What formats can be used to create an oral or multimodal corpus?
To use oral or multimodal data in large corpora today, data must be available in formats that can be automatically processed. For this reason, word processing formats (e.g. Microsoft Word or OpenOffice) or full text formats cannot be used for storage and dissemination.
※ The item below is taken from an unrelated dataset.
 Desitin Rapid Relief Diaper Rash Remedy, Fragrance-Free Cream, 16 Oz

These formats do not automatically tell you which parts of the corpus correspond to what.
Formats worth considering are either formats produced by structured software (CLAN, ELAN, Praat, Transcriber), or standardized formats such as the TEI. Other formats could be added to this list – which is only provisional – and can be modified with the development of tools and techniques.
Preferred formats:
Tool-related formats:
- CLAN (http://dali.talkbank.org/clan/)
- ELAN (https://archive.mpi.nl/tla/elan/download)
- PRAAT (https://www.fon.hum.uva.nl/praat/)
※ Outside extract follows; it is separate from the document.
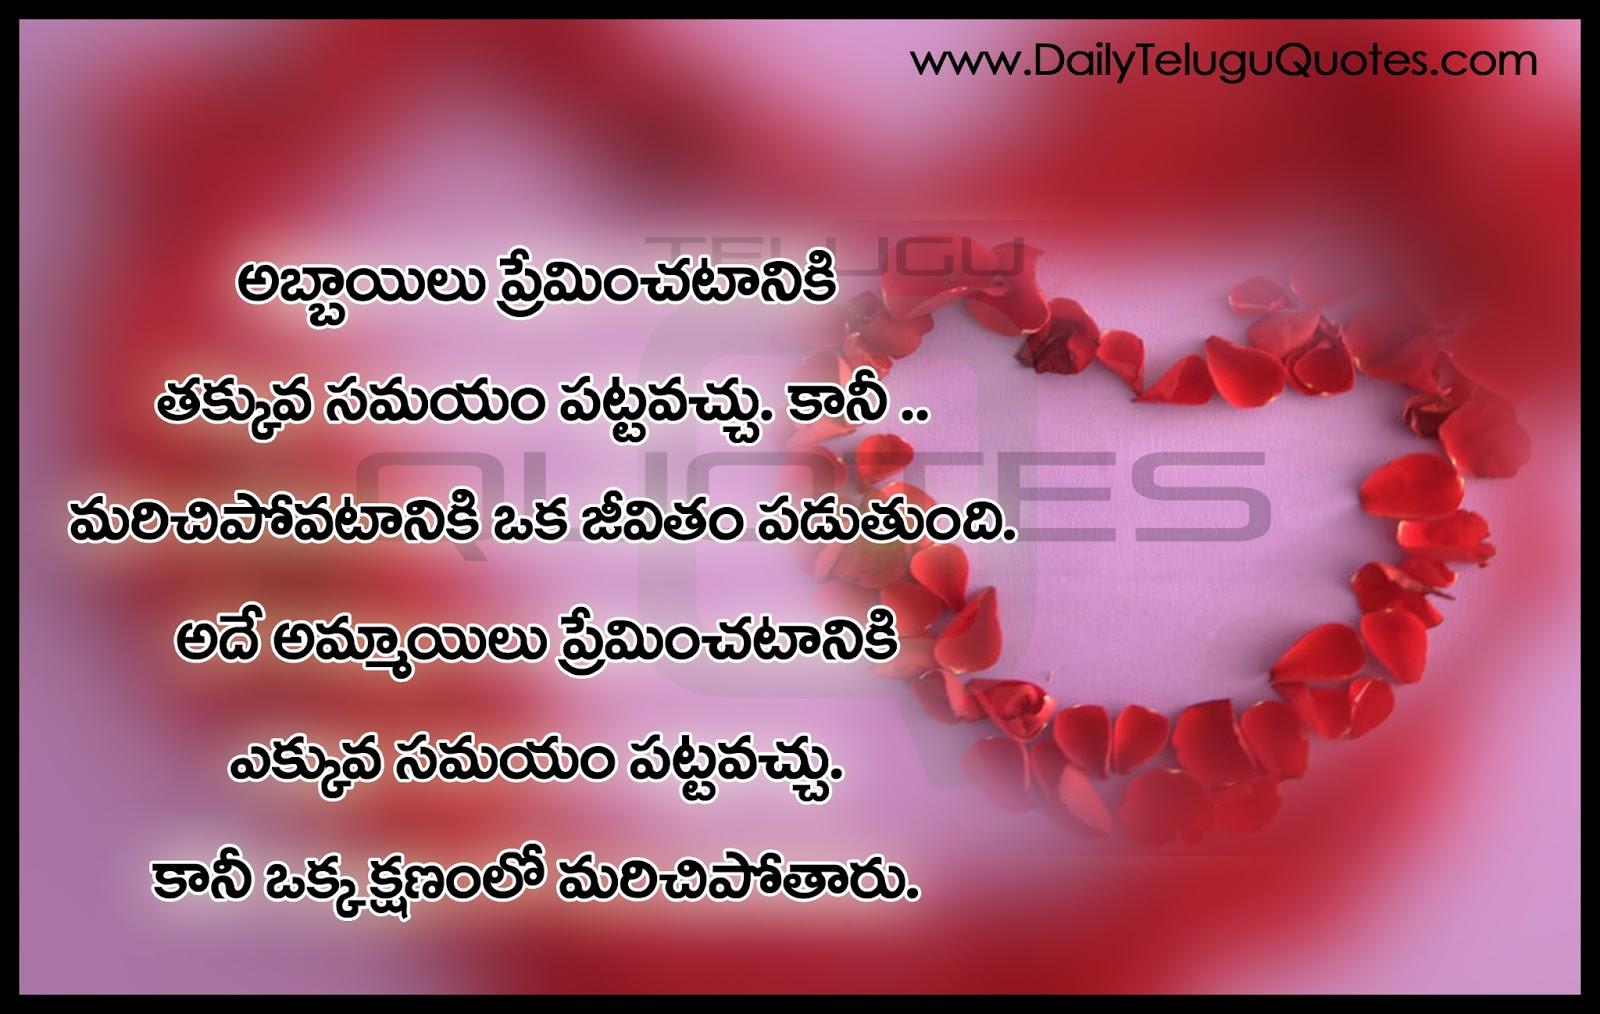 Telugu Love Quotes and Sayings | DAILYTELUGUQUOTES.COM ...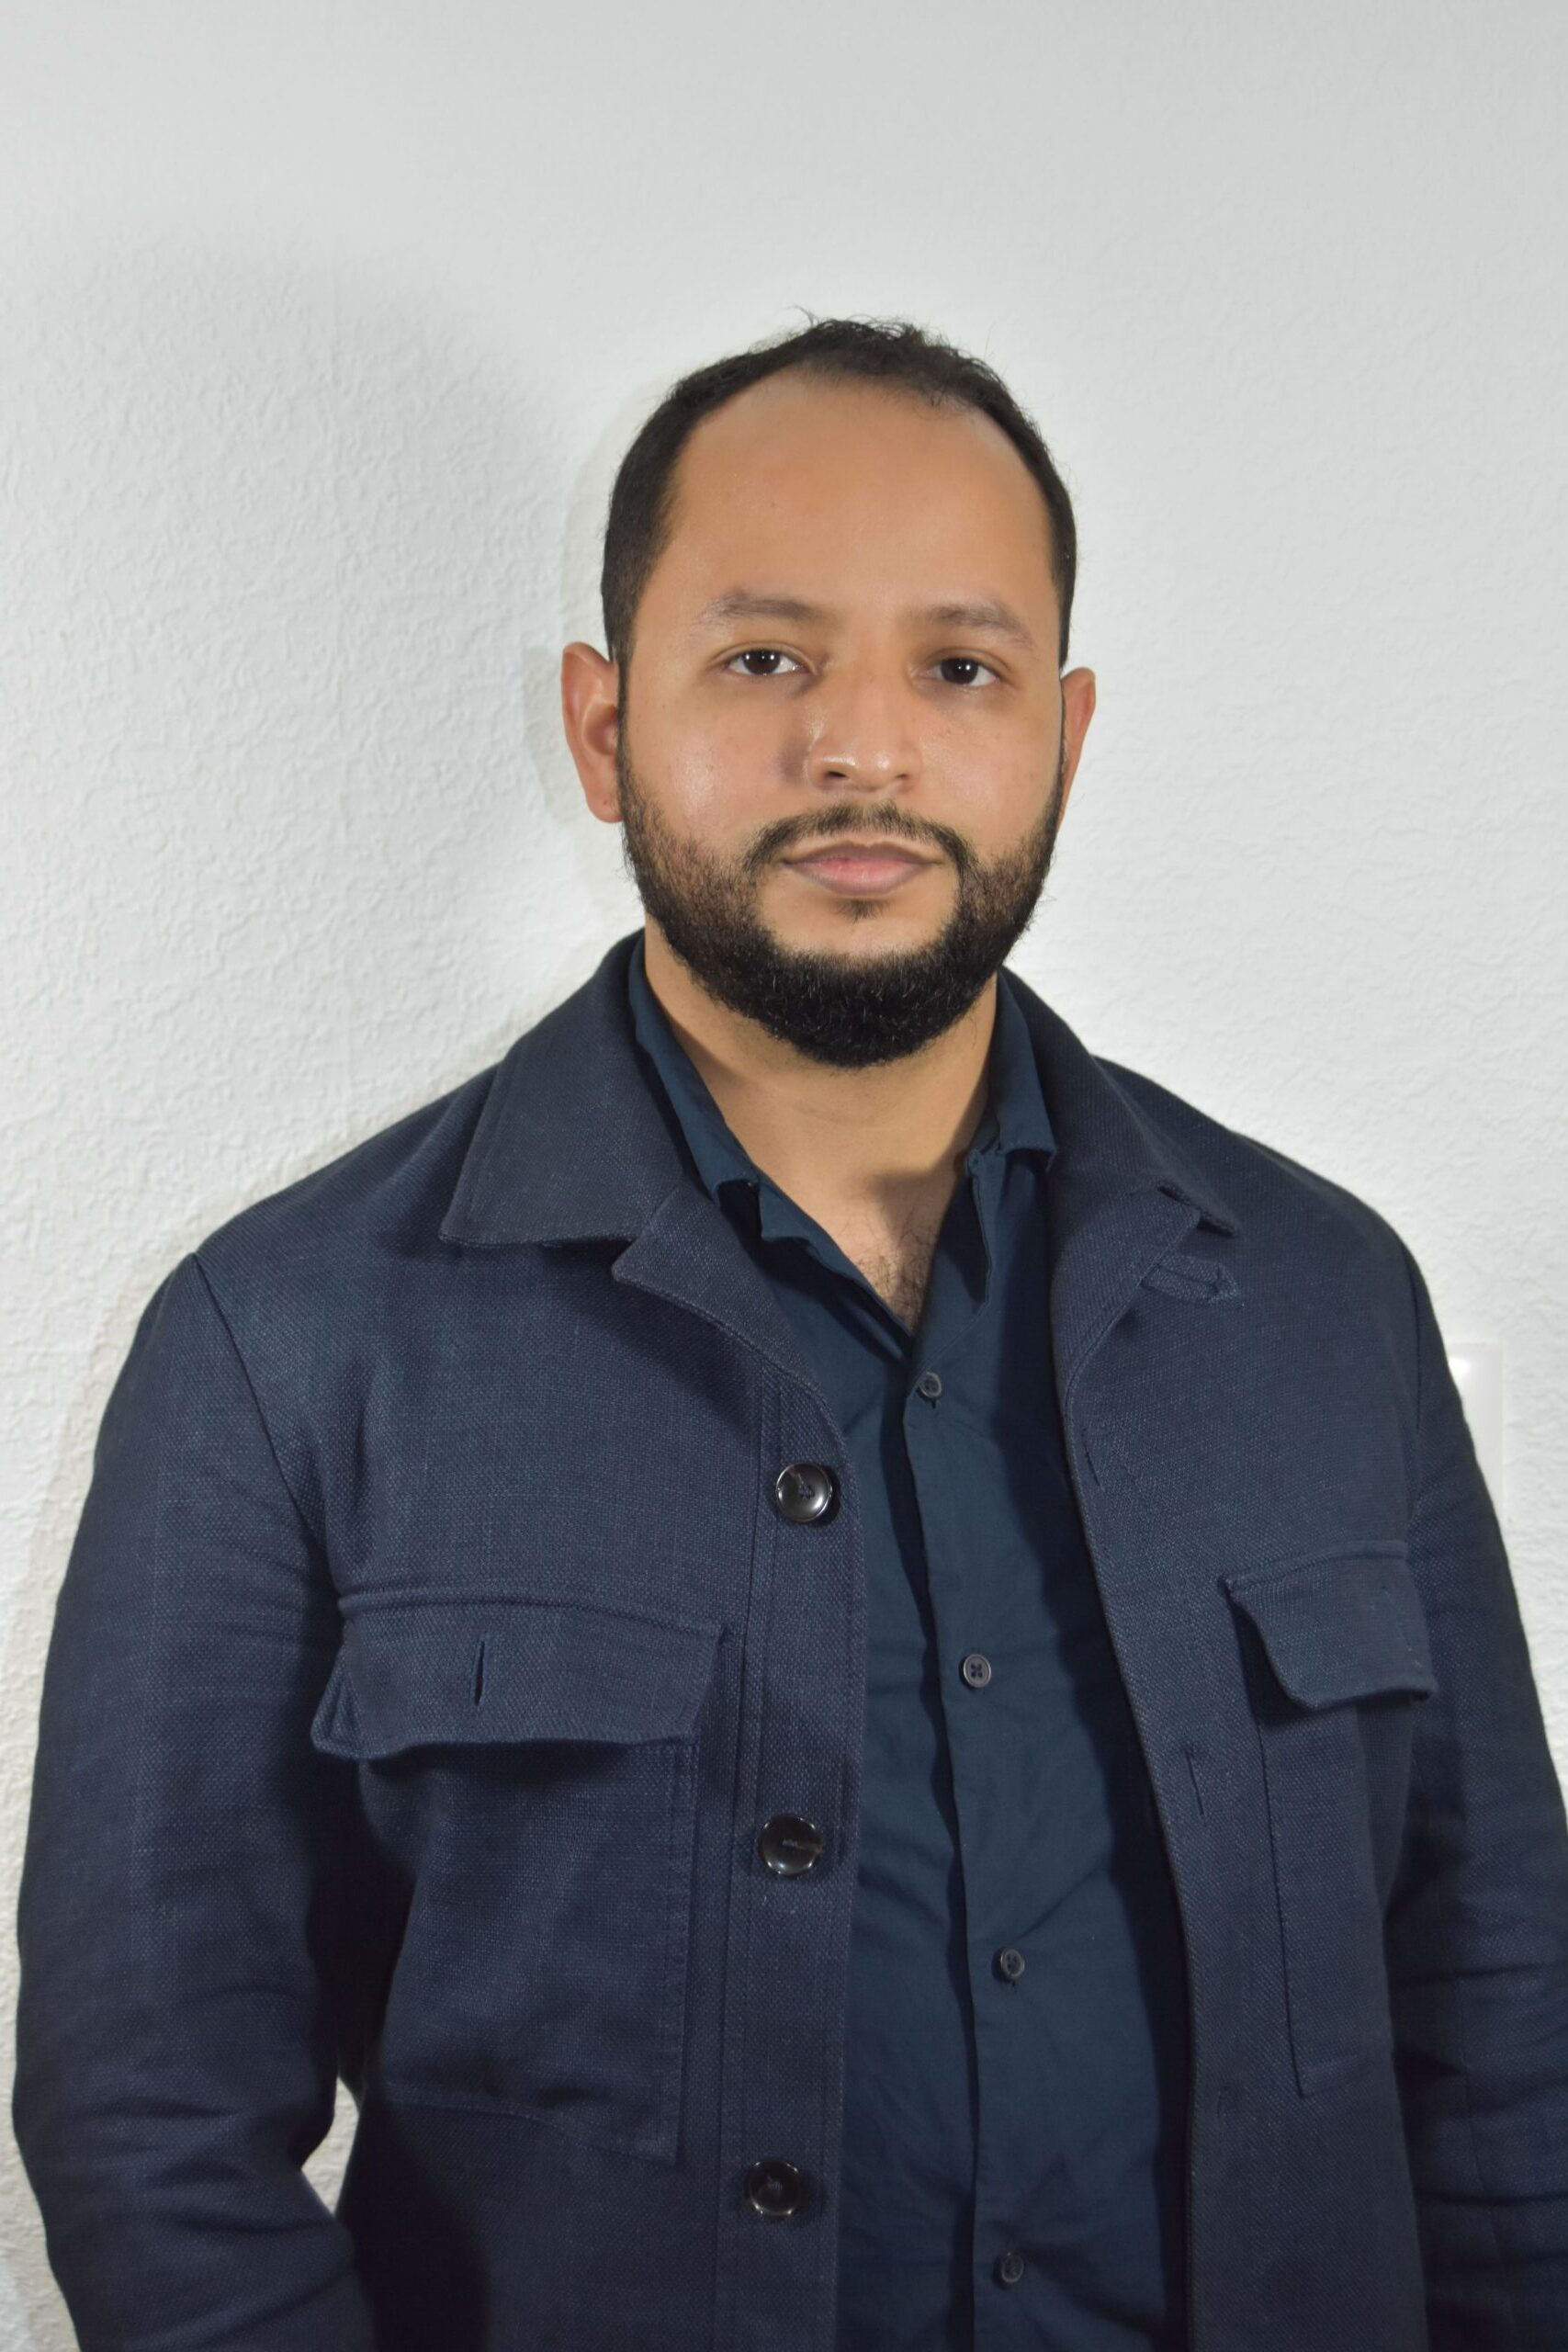 Elvis Ruiz

- TRANSCRIBER (http://trans.sourceforge.net or http://perso.ens-lyon.fr/matthieu.quignard/Transcriber/)
- EXMARALDA (https://exmaralda.org/en/) – allows TEI file creation
- TRJS (http://ct3.ortolang.fr/trjs/) – editing in TEI format
Generic format for sharing and storage:
TEI: format from the Text Encoding Initiative. Unfortunately, this format has many variants. We suggest using the TEI standard for speech (). You can create TEI files following this standard with Exmaralda or the TEICORPO conversion tool.